Without any of the pictures, set down the data below exactly.

> [Supplied data]:
== Segment start ==

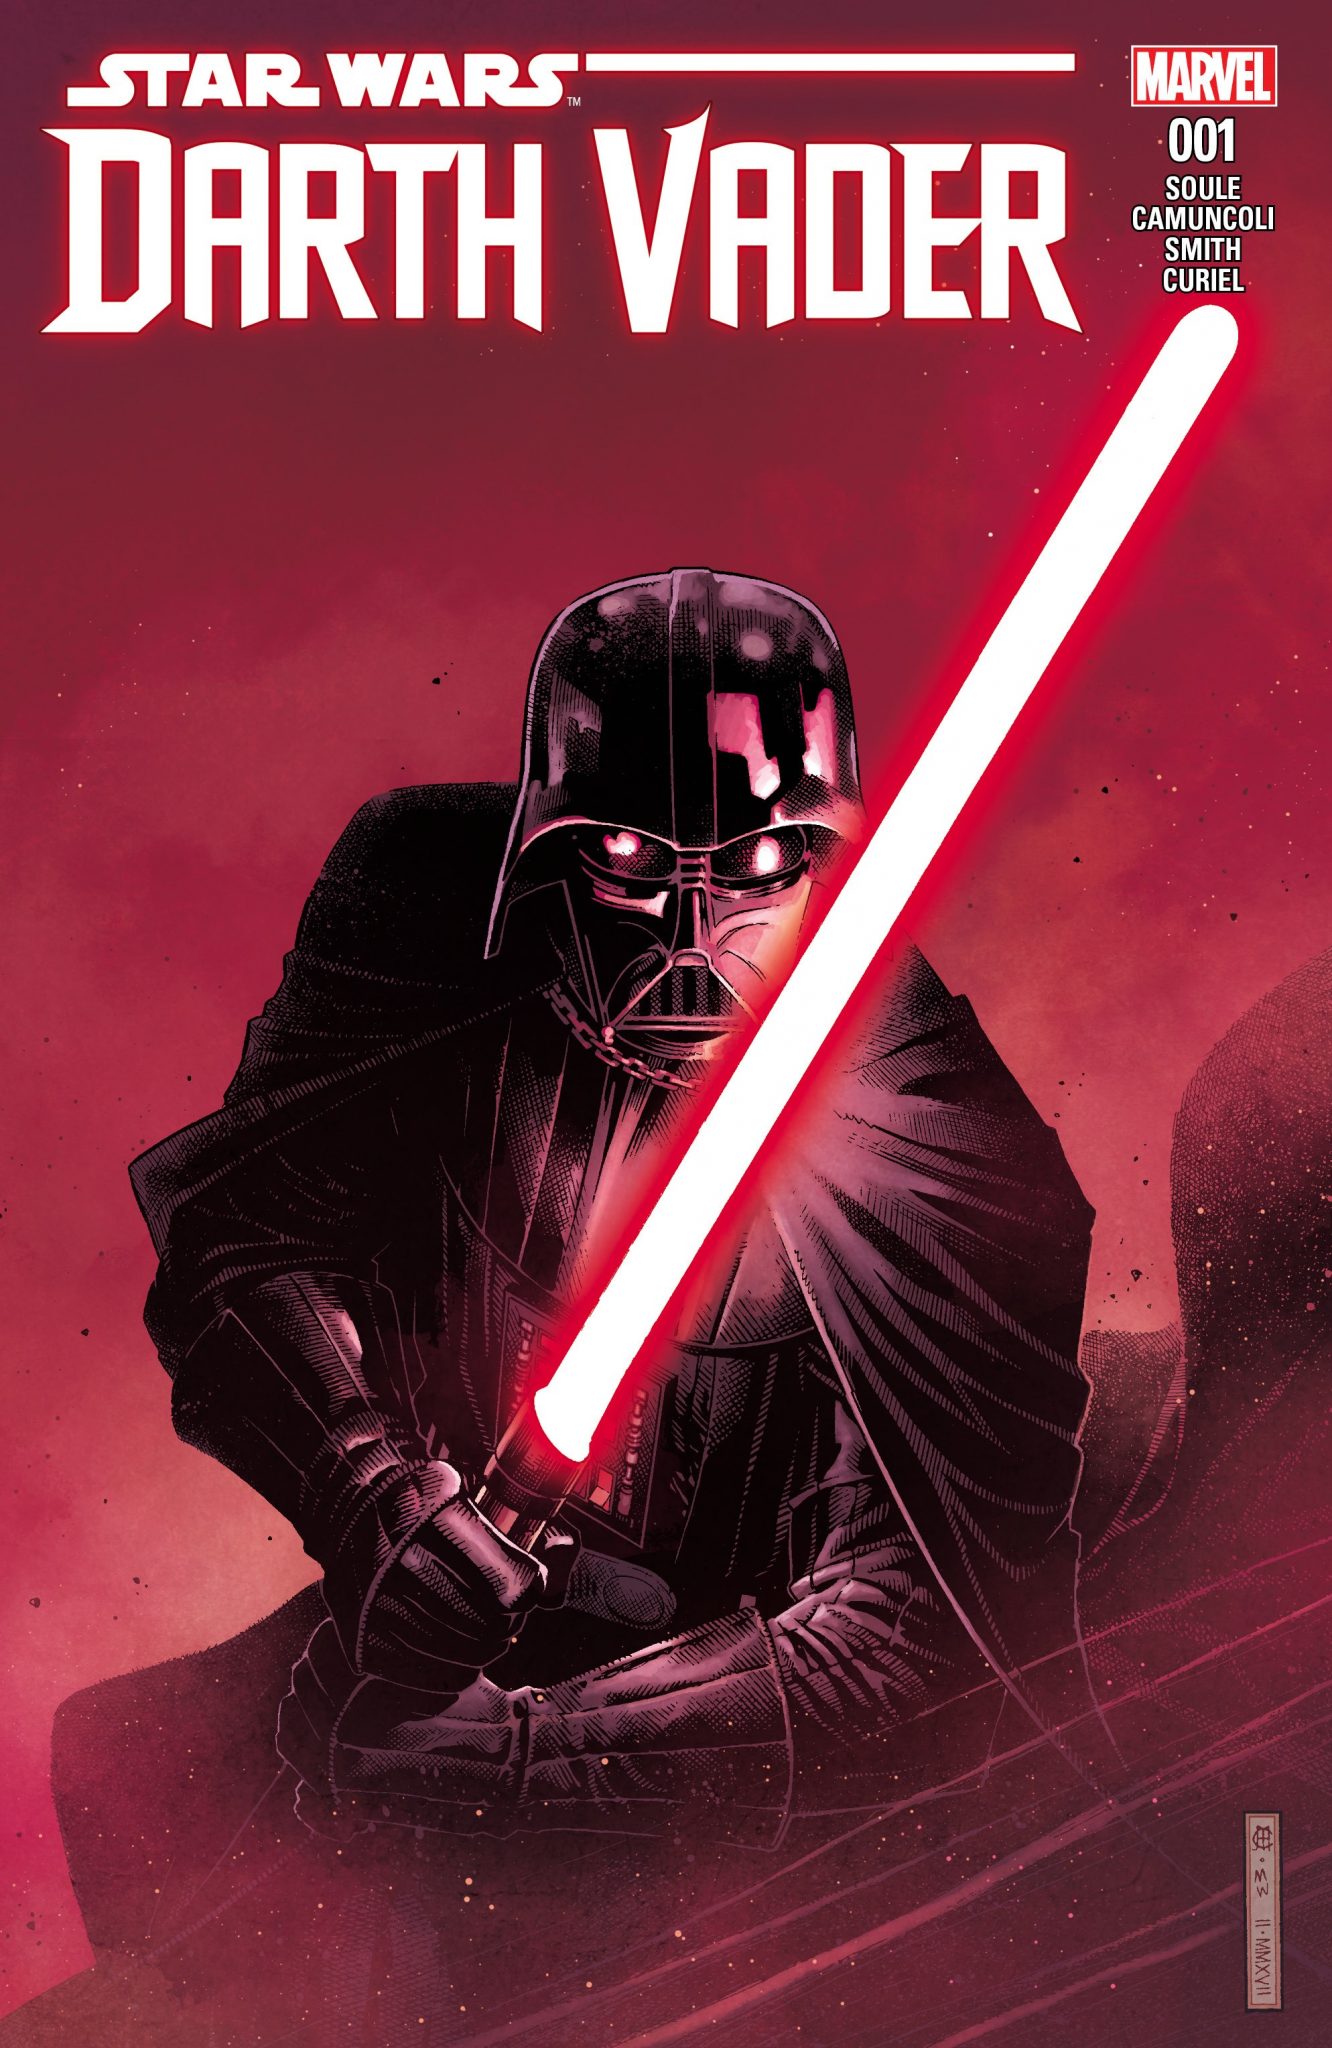 Marvel Preview: Star Wars: Revelations #1 • AIPT
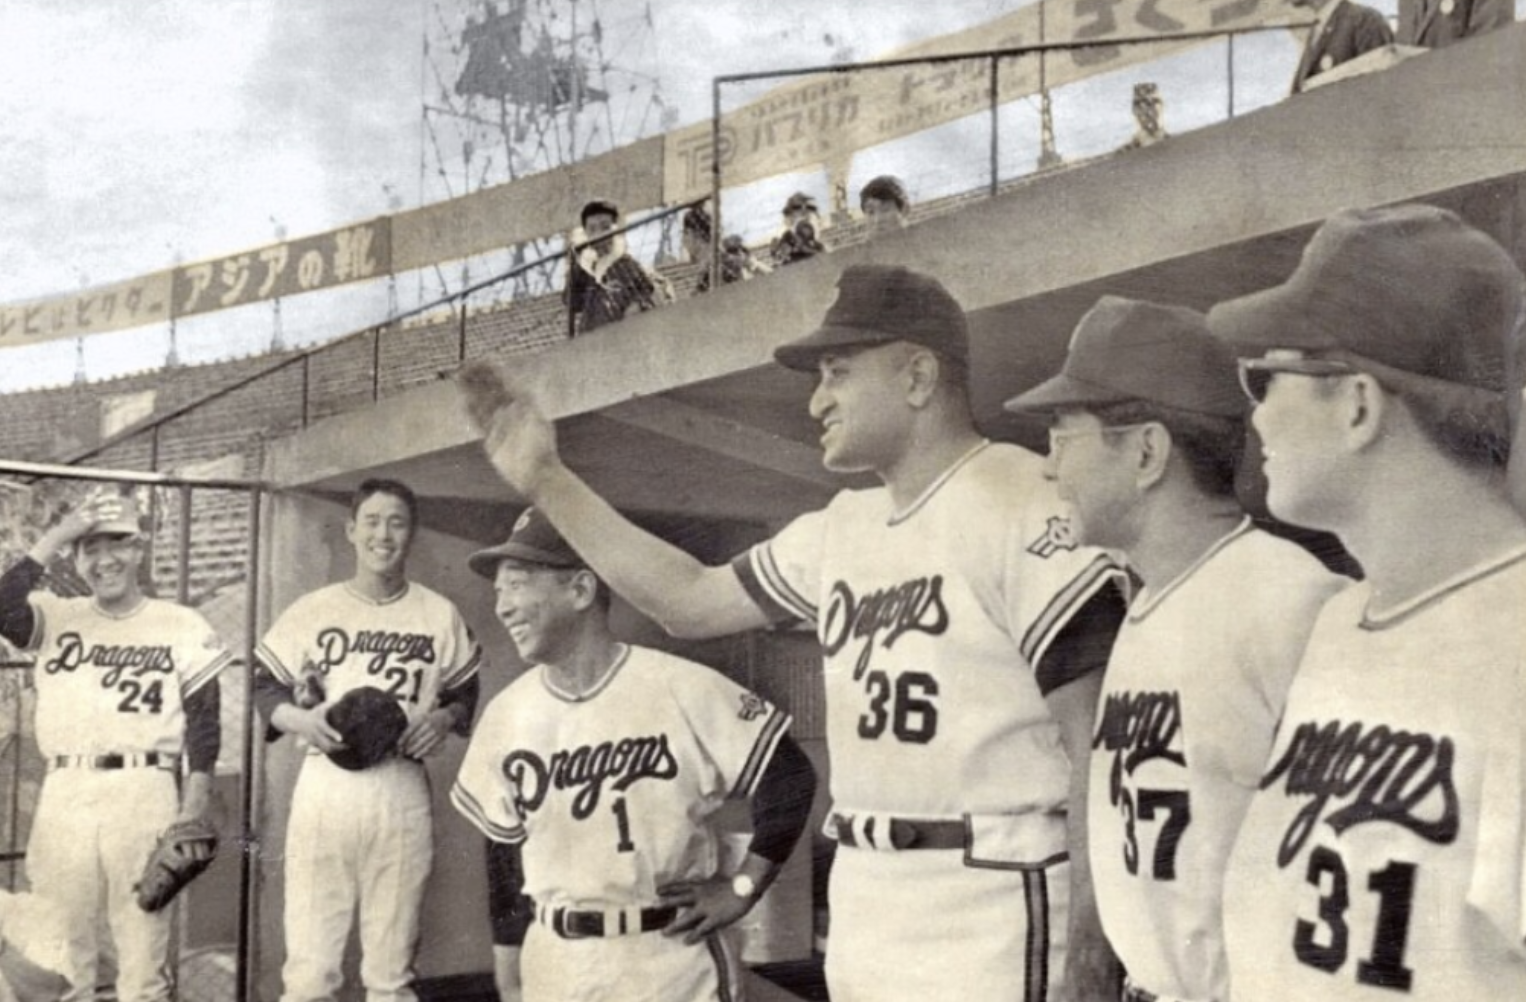 Larry Doby, Don Newcombe first Major Leaguers to play in NPB
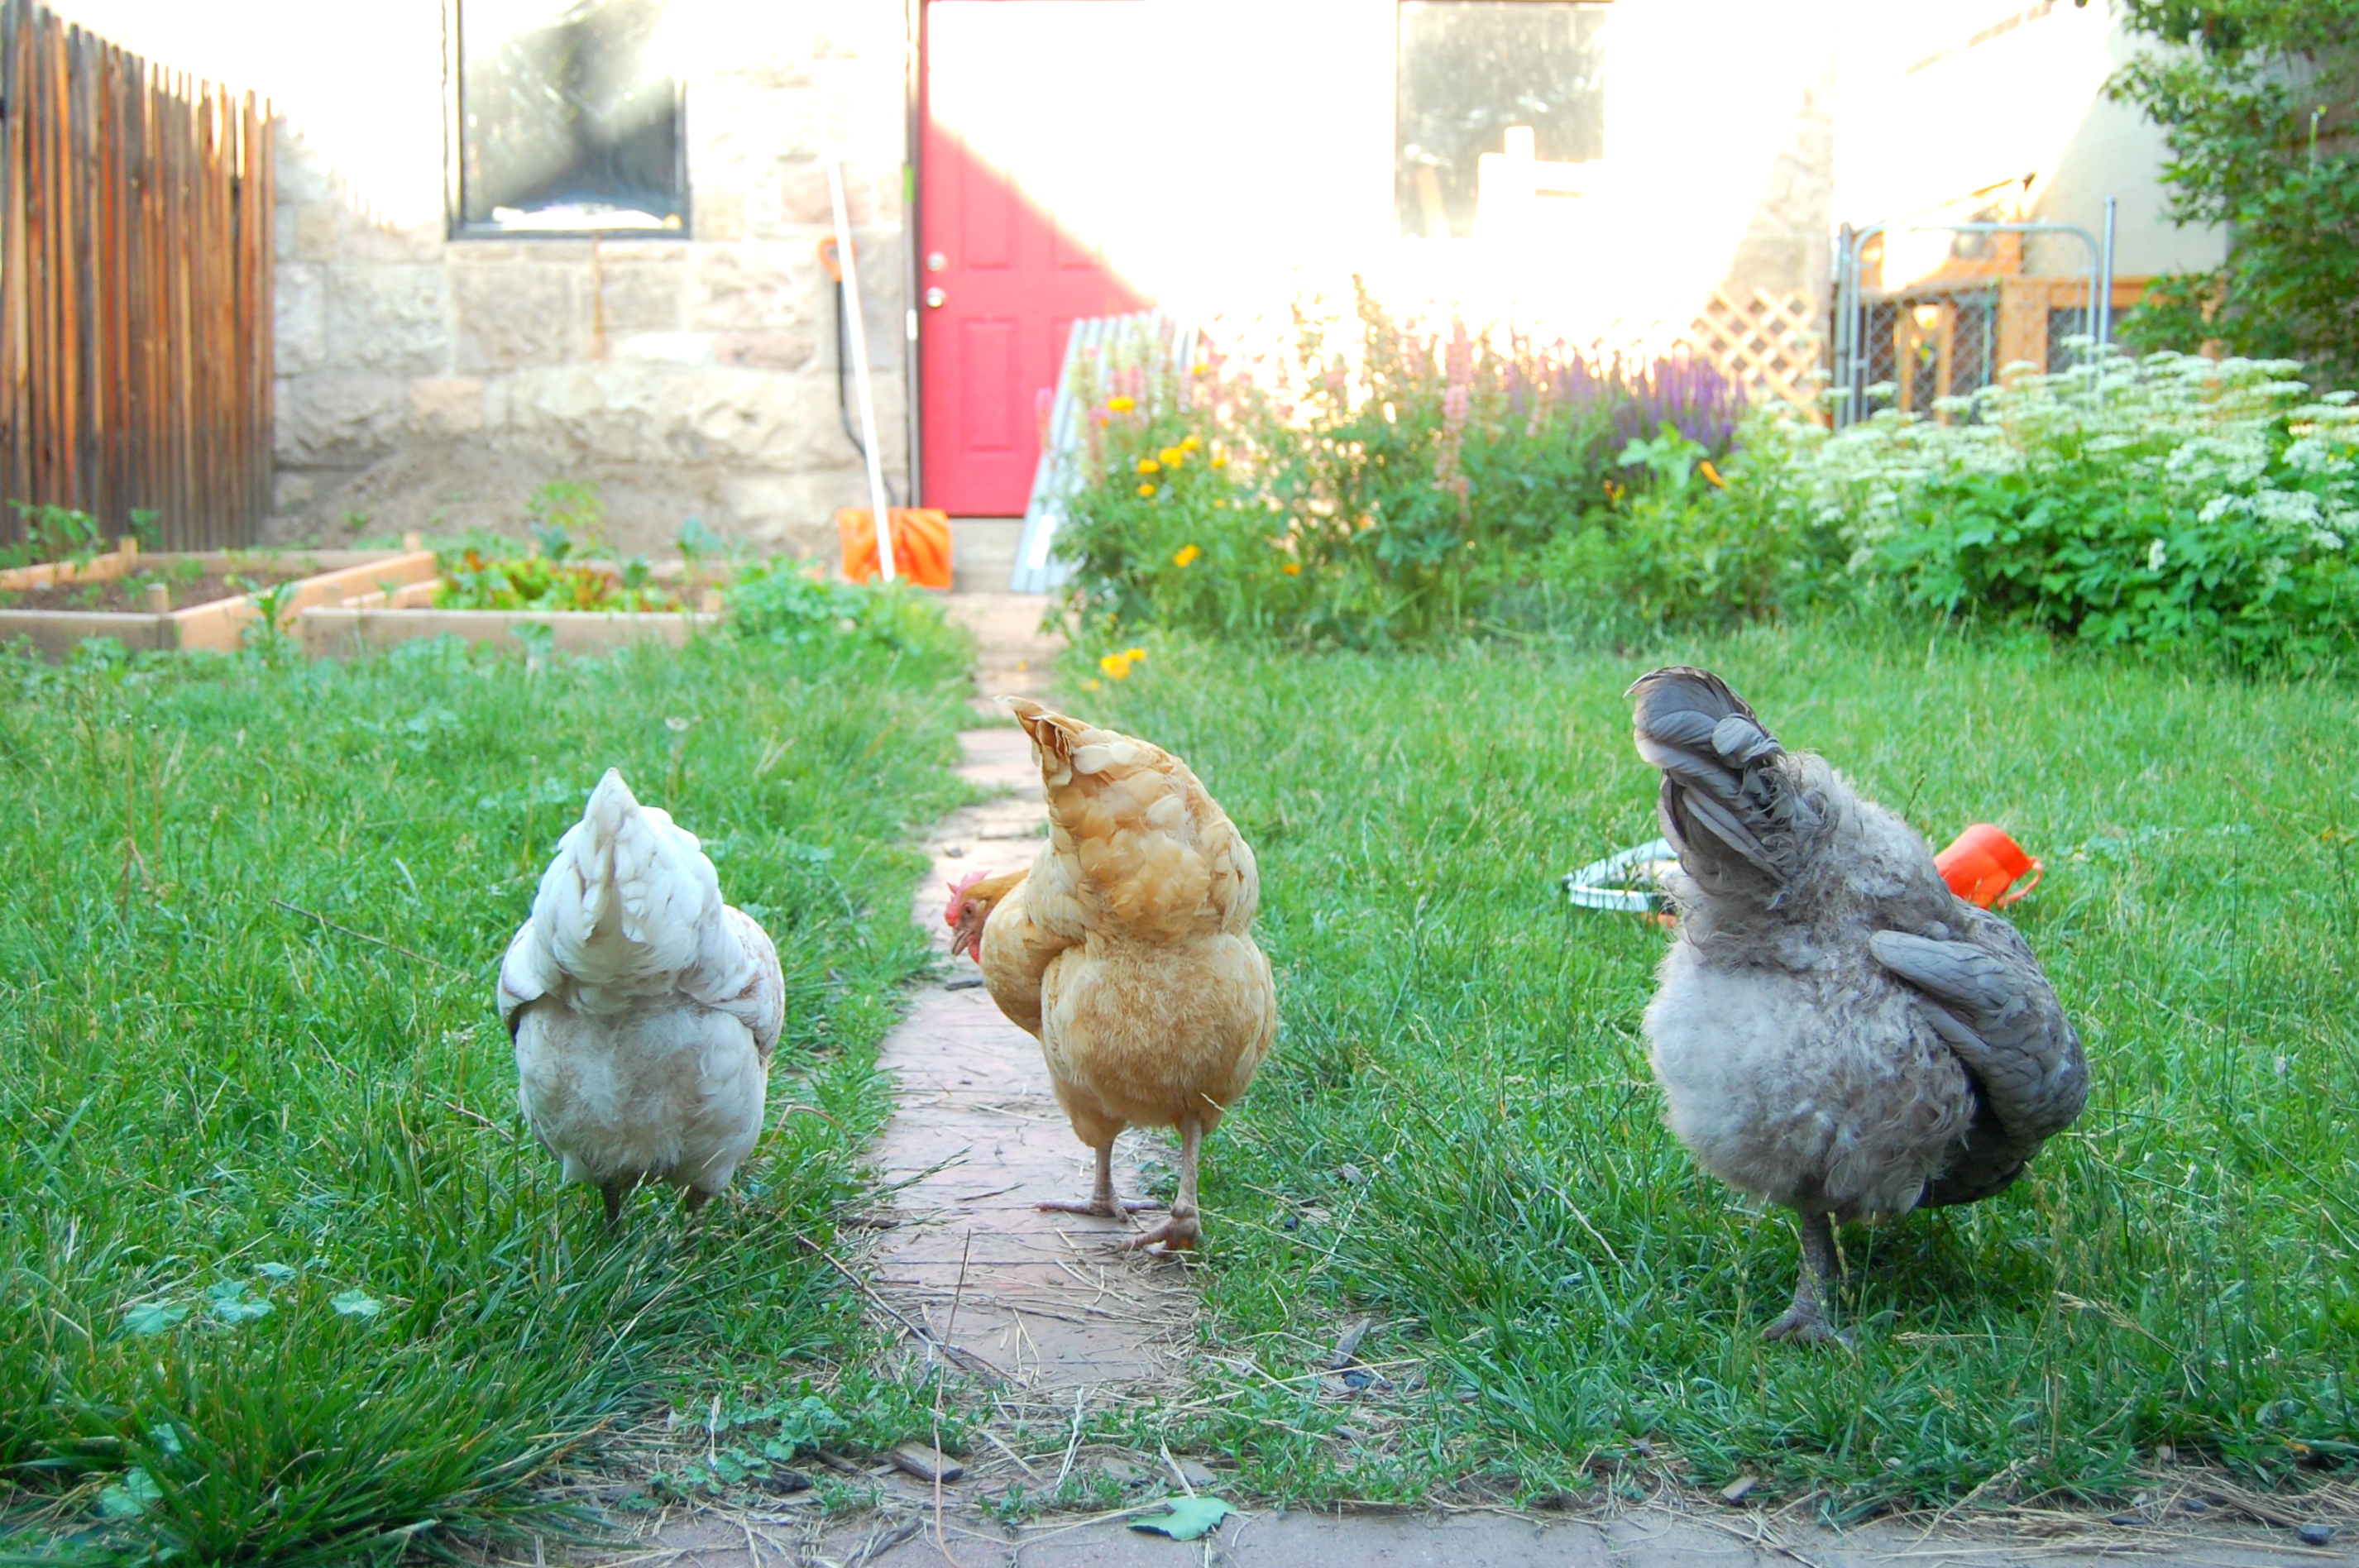 The 3 chickens in Uproot Garden

== Segment end ==

> [Task result]:
 Marvel Preview: Star Wars: Revelations #1 • AIPT
 Larry Doby, Don Newcombe first Major Leaguers to play in NPB
 The 3 chickens in Uproot Garden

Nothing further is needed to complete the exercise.